Formato: Online Artículo Texto
Lenguaje:English
Publicado: MDPI 2022
Materias:
Acceso en línea:https://www.ncbi.nlm.nih.gov/pmc/articles/PMC9219881/
https://www.ncbi.nlm.nih.gov/pubmed/35740241
http://dx.doi.org/10.3390/biomedicines10061220
Descripción
Sumario:The chemical exchange saturation transfer (CEST) signal at −1.6 ppm is attributed to the choline methyl on phosphatidylcholines and results from the relayed nuclear Overhauser effect (rNOE), that is, rNOE(−1.6). The formation of rNOE(−1.6) involving the cholesterol hydroxyl is shown in liposome models. We aimed to confirm the correlation between cholesterol content and rNOE(−1.6) in cell cultures, tissues, and animals. C57BL/6 mice (N = 9) bearing the C6 glioma tumor were imaged in a 7 T MRI scanner, and their rNOE(−1.6) images were cross-validated through cholesterol staining with filipin. Cholesterol quantification was obtained using an 18.8-T NMR spectrometer from the lipid extracts of the brain tissues from another group of mice (N = 3). The cholesterol content in the cultured cells was manipulated using methyl-β-cyclodextrin and a complex of cholesterol and methyl-β-cyclodextrin. The rNOE(−1.6) of the cell homogenates and their cholesterol levels were measured using a 9.4-T NMR spectrometer.
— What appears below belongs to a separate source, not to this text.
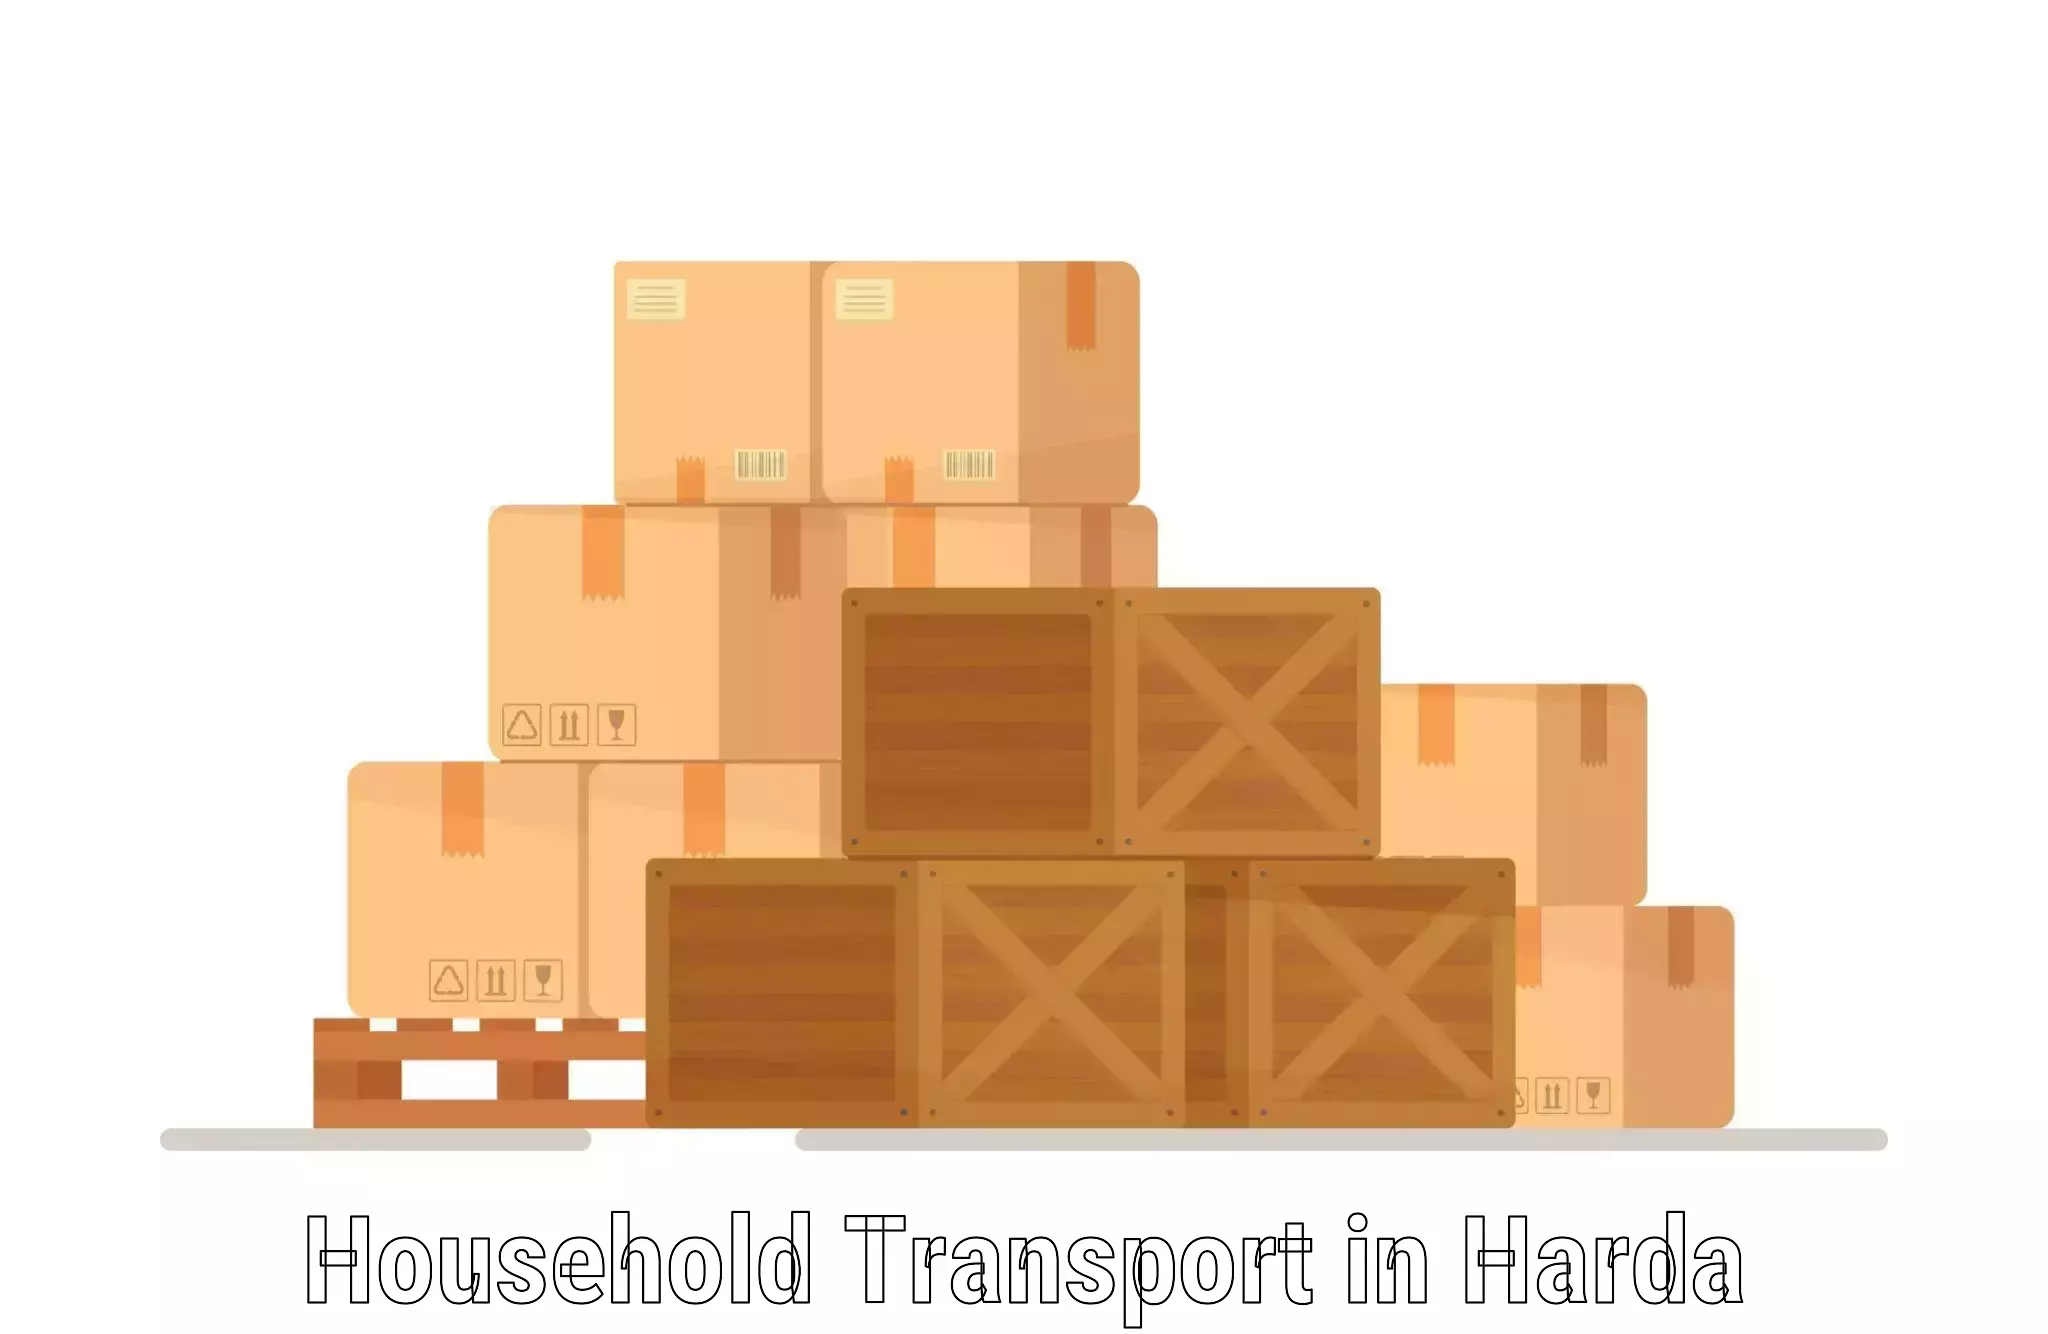 Online household goods transport in Harda

The rNOE(−1.6) signal is hypointense in the C6 tumors of mice, which matches the filipin staining results, suggesting that their tumor region is cholesterol deficient. The tissue extracts also indicate less cholesterol and phosphatidylcholine contents in tumors than in normal brain tissues. The amplitude of rNOE(−1.6) is positively correlated with the cholesterol concentration in the cholesterol-manipulated cell cultures. Our results indicate that the cholesterol dependence of rNOE(−1.6) occurs in cell cultures and solid tumors of C6 glioma. Furthermore, when the concentration of phosphatidylcholine is carefully considered, rNOE(−1.6) can be developed as a cholesterol-weighted imaging technique.